### Task brief
What you give back from the listing below should be an exact copy of the lines from the one with "Lisa Francisco and" down to the one with "Gorgeous Wedding Ceremonies: Beautiful", and it should contain no pictures.

Segment Start: Records shown

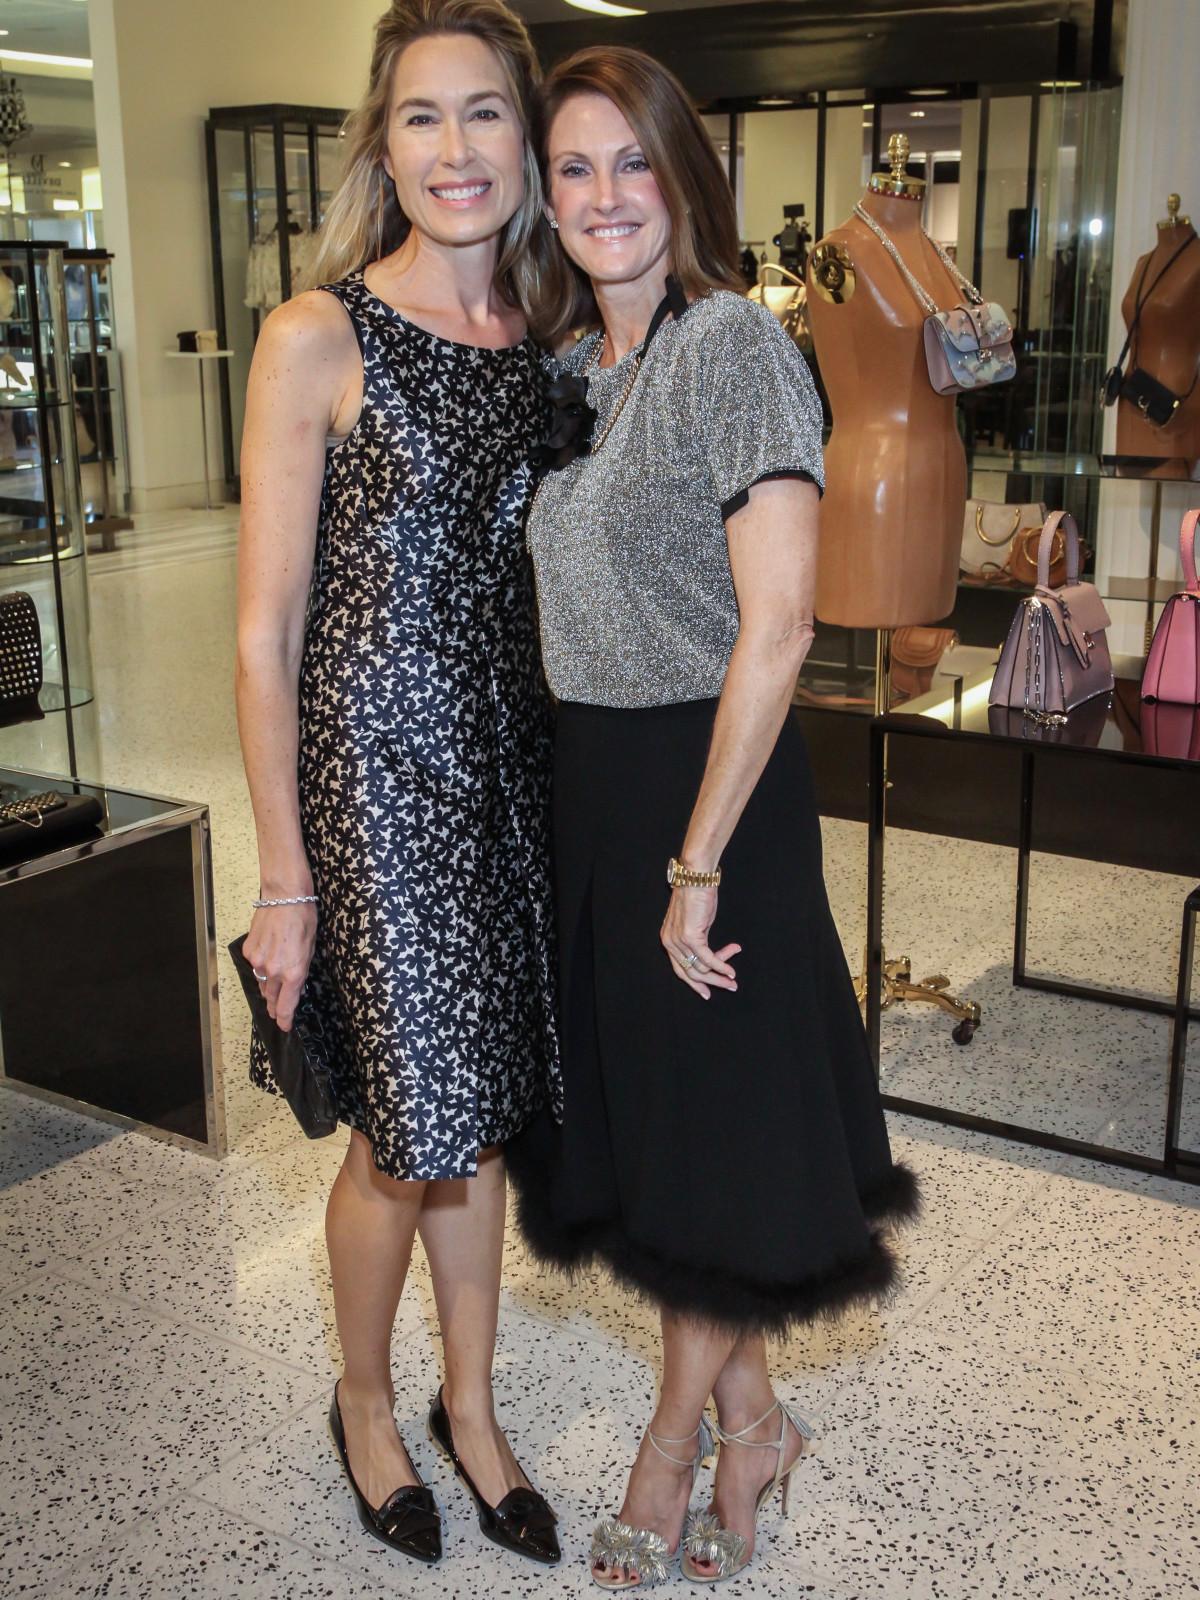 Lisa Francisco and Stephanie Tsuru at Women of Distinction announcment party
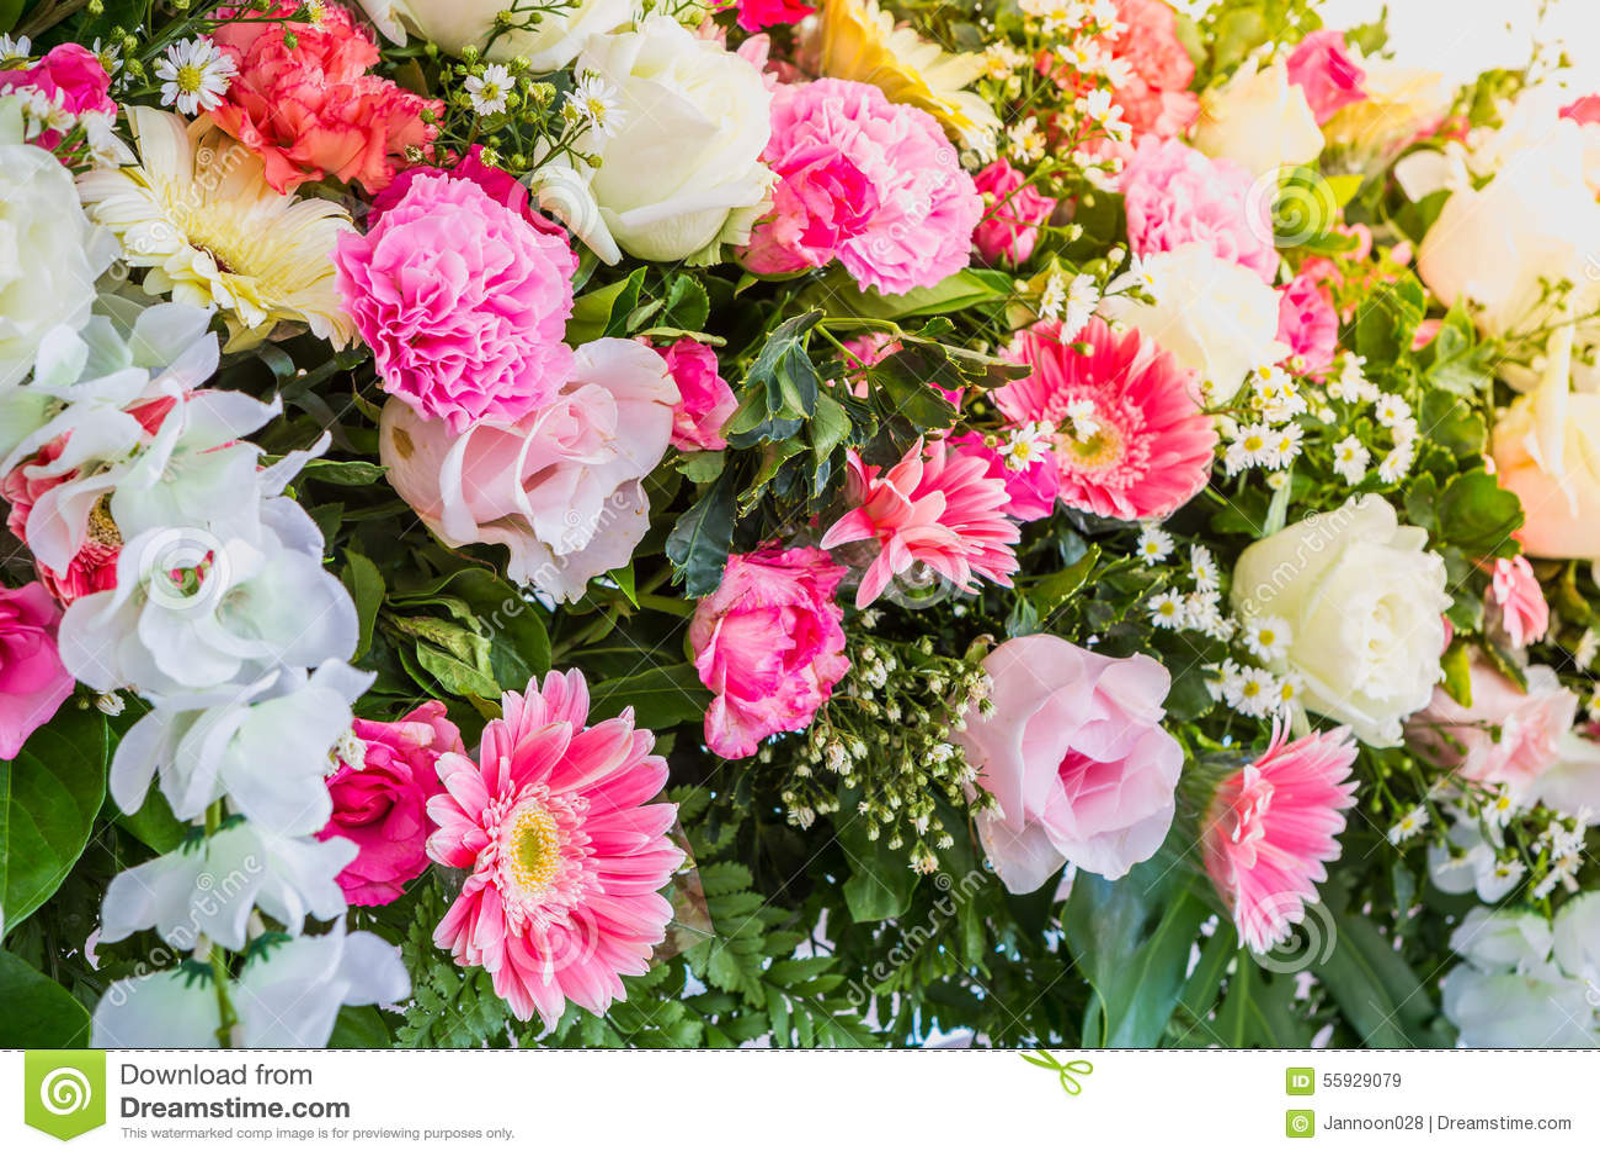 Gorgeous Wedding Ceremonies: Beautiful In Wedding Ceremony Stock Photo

Segment End: Records shown
Segment Start: Records shown

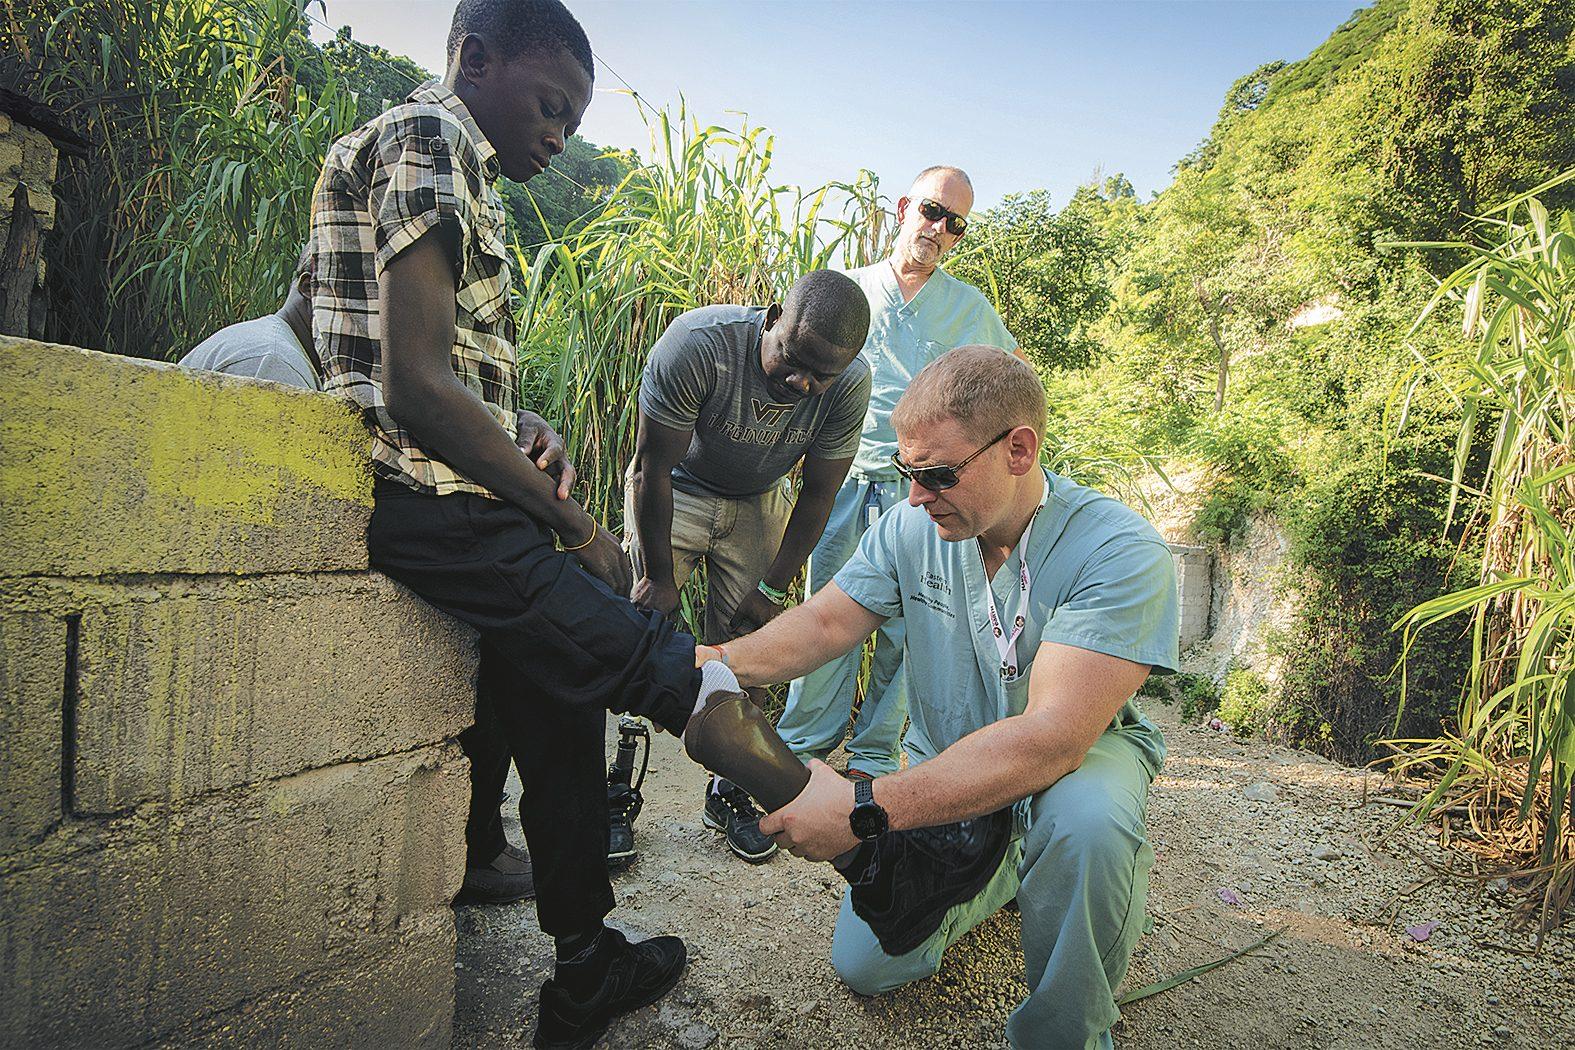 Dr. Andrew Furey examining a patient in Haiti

Segment End: Records shown
Segment Start: Records shown

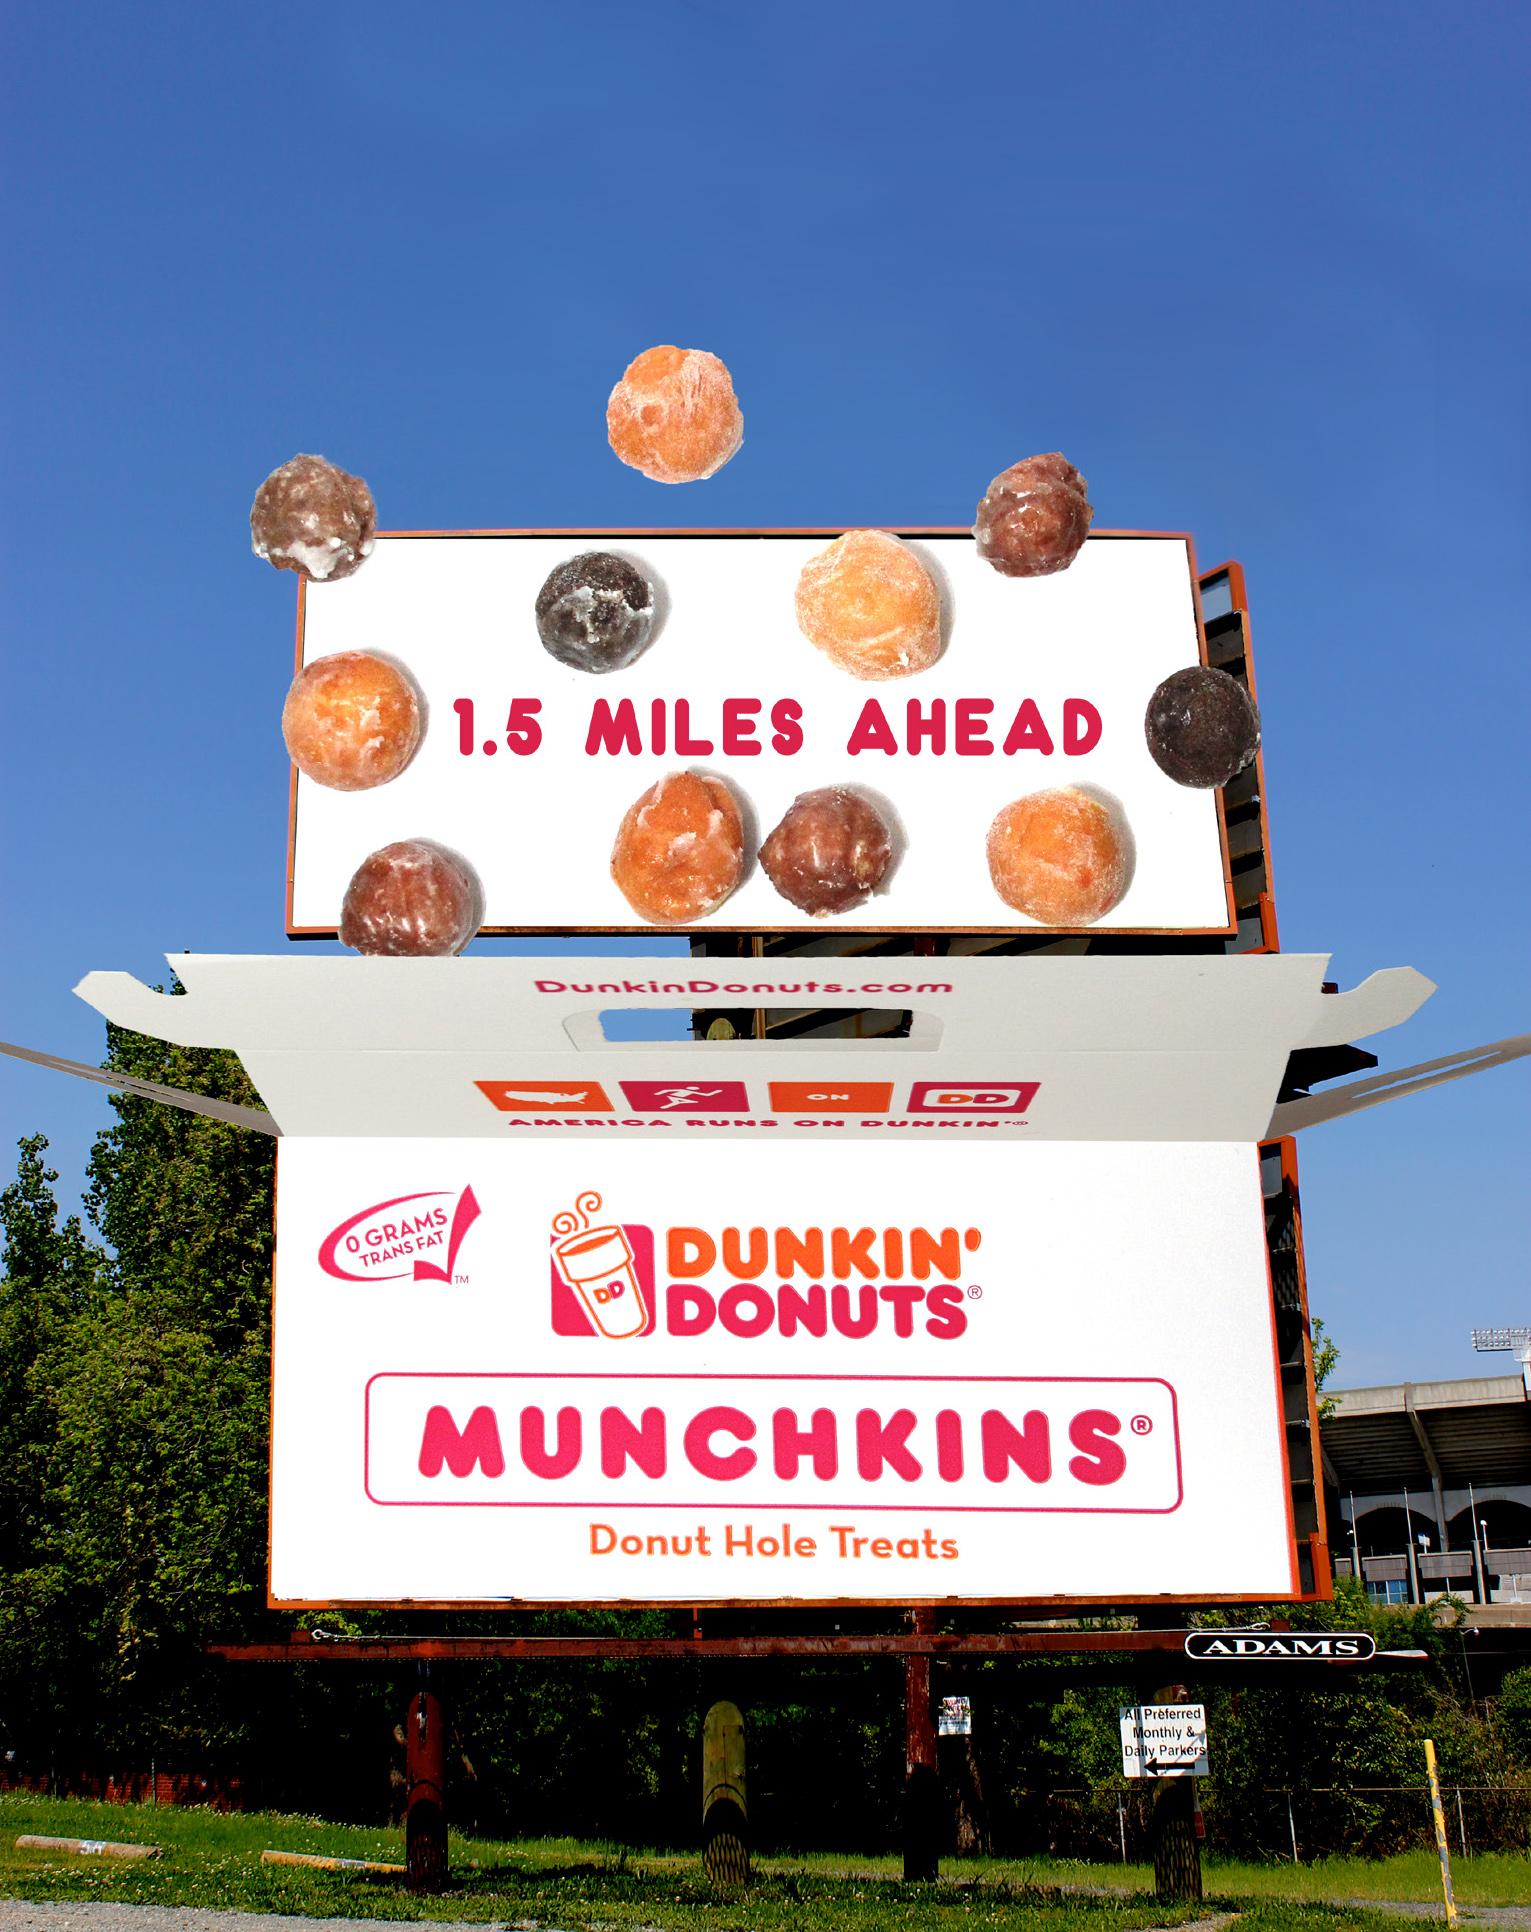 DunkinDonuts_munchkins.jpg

Segment End: Records shown

### Expected answer
 Lisa Francisco and Stephanie Tsuru at Women of Distinction announcment party
 Gorgeous Wedding Ceremonies: Beautiful In Wedding Ceremony Stock Photo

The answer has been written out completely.